With this, the decks seem to be clear for the amendment to sail through the Nepalese Parliament, cementing prime minister K.P.Sharma Oli’s credentials as a strong and nationalistic leader, not bowing to seeming pressure from India.
But the development is expected to see a definite strain in ties with New Delhi, given that the new map shows three areas that India claims is part of its territory as part of the new Nepalese map.
Previously, India and Nepal have been showing Kalapani and Lipulekh as part of their territory in their political maps, but Kathmandu earlier this month brought out a new map that shows Limpiyadhura also within its boundaries.

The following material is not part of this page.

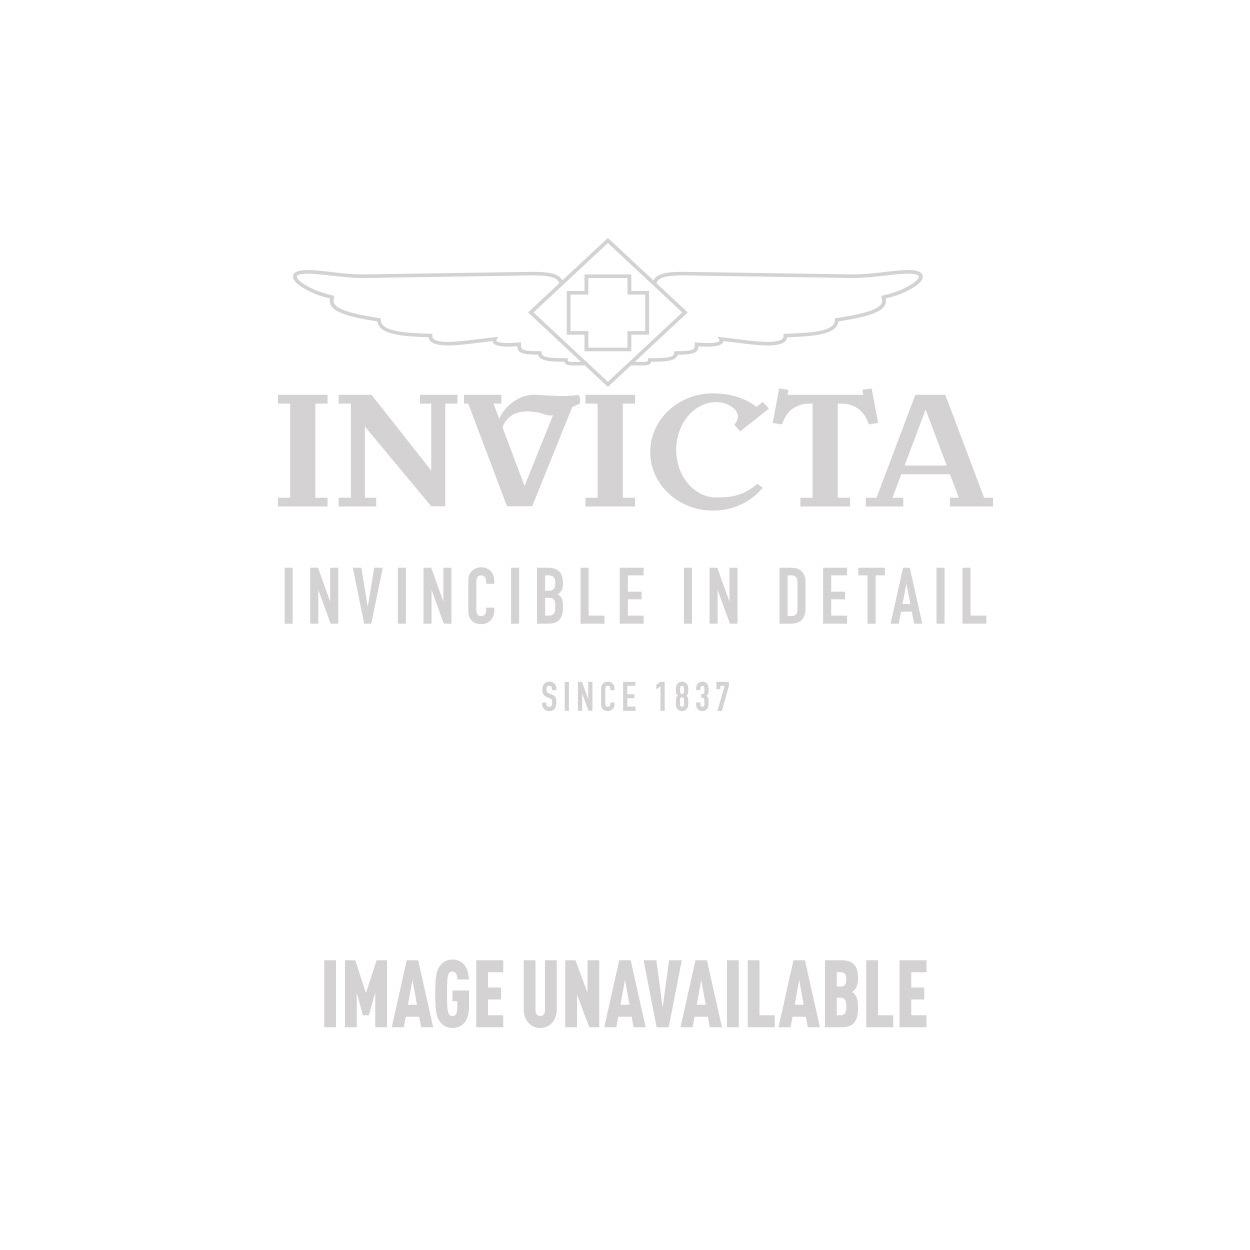 10268eb66 Invicta Star Wars Limited Edition Boba Fett Mens Quartz 58 mm Green Case  Grey Dial - Model 28067

The trigger for the recent rise in tensions was Kathmandu’s objection to India inaugurating a road connecting the Lipulekh pass with Dharchula in Uttarakhand. India said the road lies within Pithoragarh district and will give Indian pilgrims easier access to Kailash Mansarovar. But Oli said Lipulekh, Kalapani and Limpiyadhura belong to Nepal and vowed to “reclaim" them through political and diplomatic efforts.
The constitutional amendment to approve the new map was to be tabled in the Nepalese last week by law, justice and parliamentary affairs minister Shivamaya Tumbahangphe but it was removed from the business schedule as per a request by the Nepali Congress to wait until the party could take a decision to this effect in its CWC meeting.
On Saturday, the NC which is the main opposition party in Nepal's Parliament and traditionally seen as pro-India, decided to vote in favour of the amendment bill.
On Thursday, India had indicated its readiness to engage with Nepal to resolve the border row on the basis of “mutual sensitivity and respect."
“India is monitoring the current situation in Nepal," Indian foreign ministry spokesman Anurag Srivastava had said.
"India is open to engaging with all its neighbours on the basis of mutual sensitivity and mutual respect, in an environment of trust and confidence. This is a continuous process and requires constructive and positive efforts," Srivastava had added.